- Opening Delimiter -

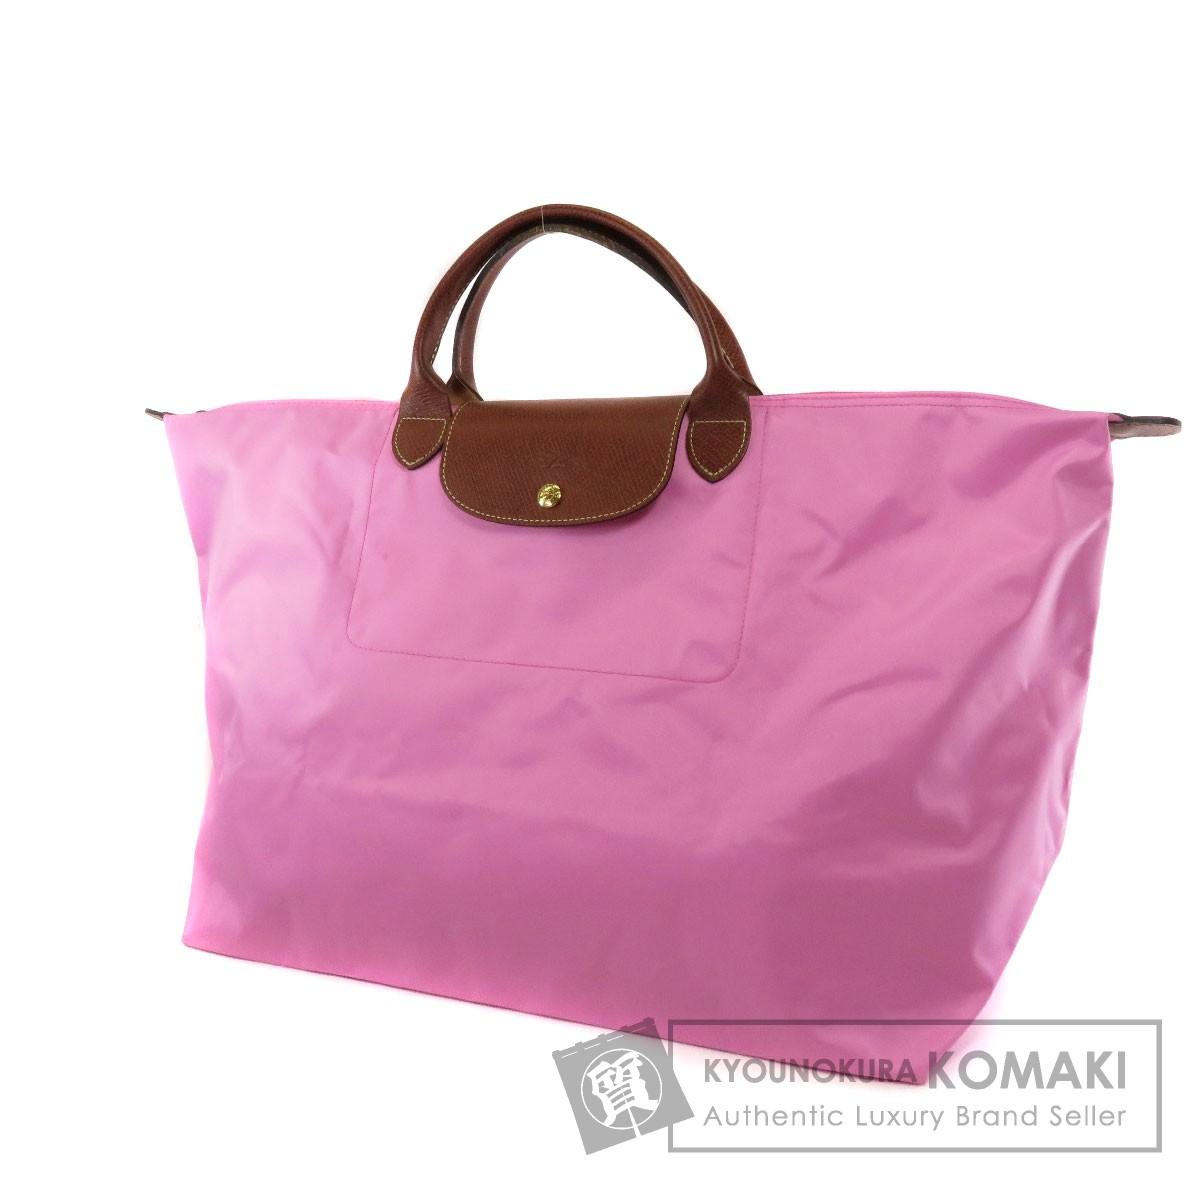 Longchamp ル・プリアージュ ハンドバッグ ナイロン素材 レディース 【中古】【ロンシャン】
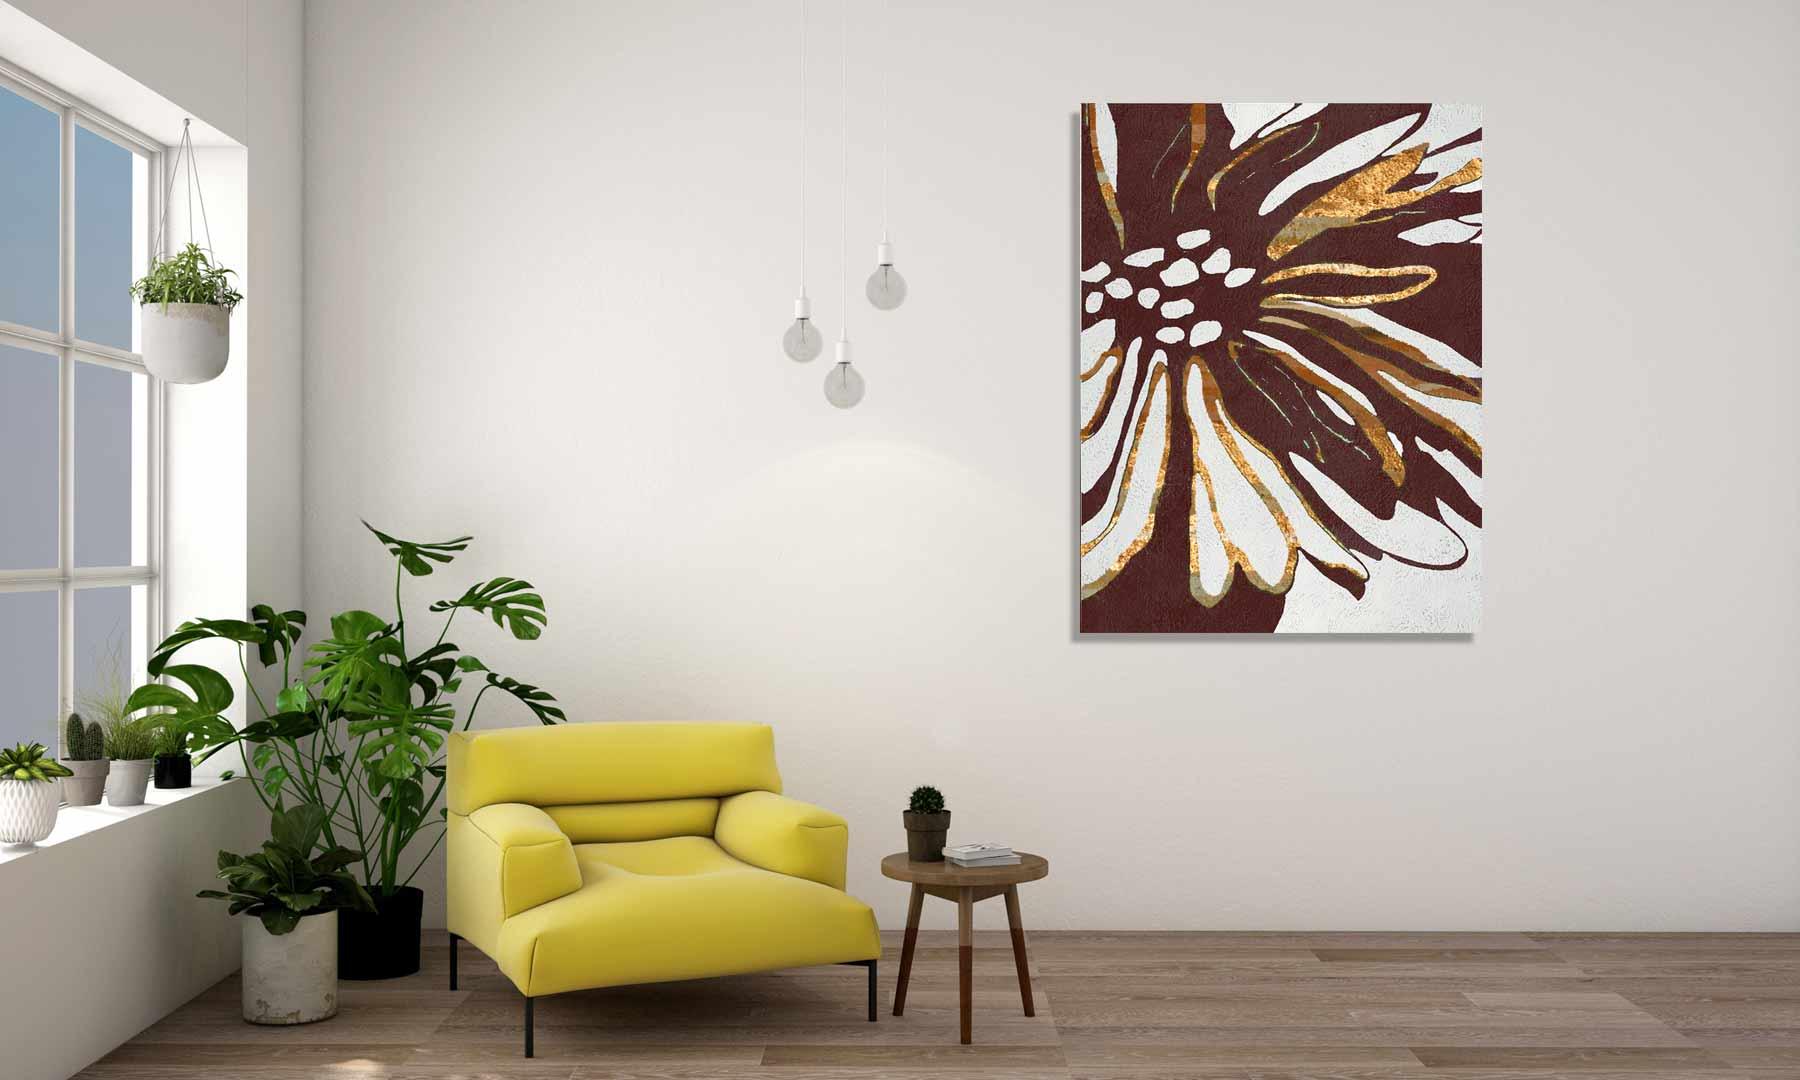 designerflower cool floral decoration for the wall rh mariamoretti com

- Closing Delimiter -
- Opening Delimiter -

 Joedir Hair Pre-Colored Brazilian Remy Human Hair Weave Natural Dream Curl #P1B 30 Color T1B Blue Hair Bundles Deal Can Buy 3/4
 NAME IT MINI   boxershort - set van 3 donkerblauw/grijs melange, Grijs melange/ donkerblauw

- Closing Delimiter -
- Opening Delimiter -

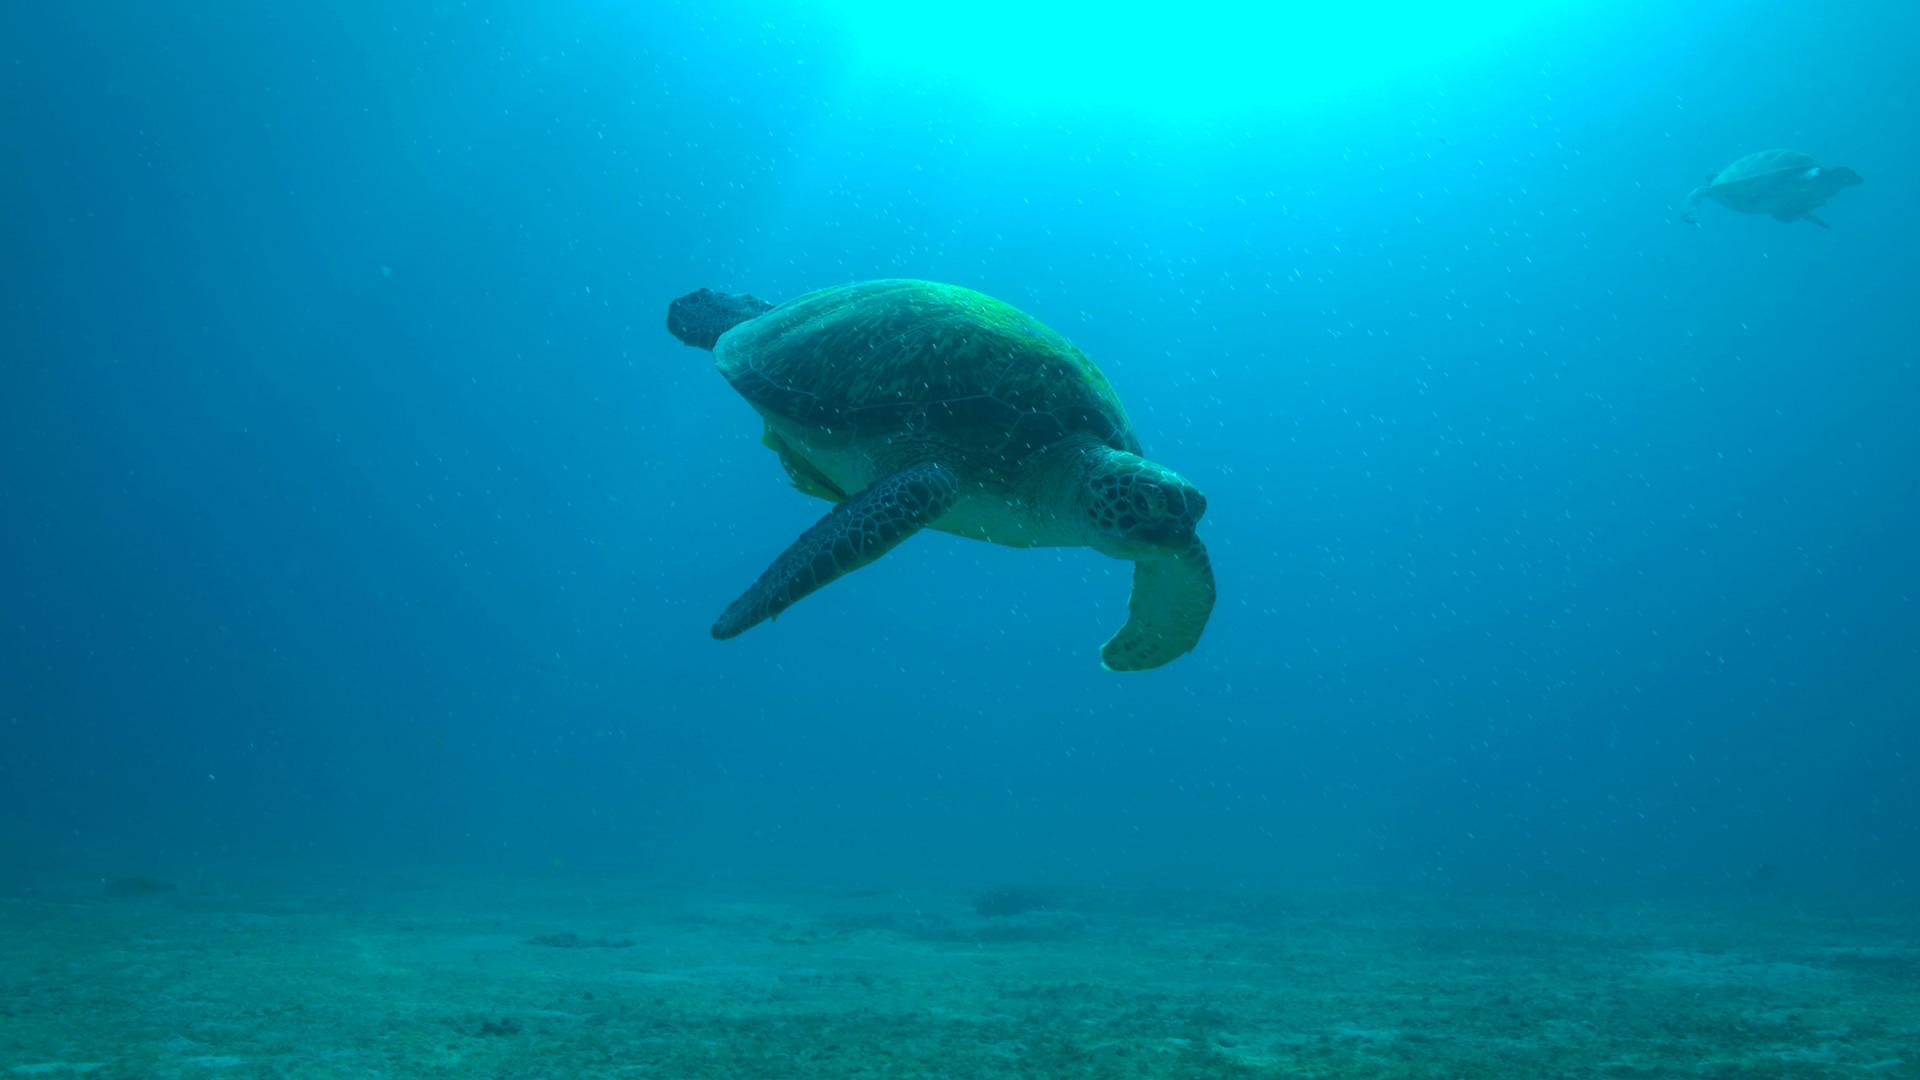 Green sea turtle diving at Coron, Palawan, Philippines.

- Closing Delimiter -

With the first line being the one containing "Joedir Hair Pre-Colored" and the last line the one containing "NAME IT MINI", transcribe exactly the lines above that fall in that range.

RESULT OF THIS TASK ->
 Joedir Hair Pre-Colored Brazilian Remy Human Hair Weave Natural Dream Curl #P1B 30 Color T1B Blue Hair Bundles Deal Can Buy 3/4
 NAME IT MINI   boxershort - set van 3 donkerblauw/grijs melange, Grijs melange/ donkerblauw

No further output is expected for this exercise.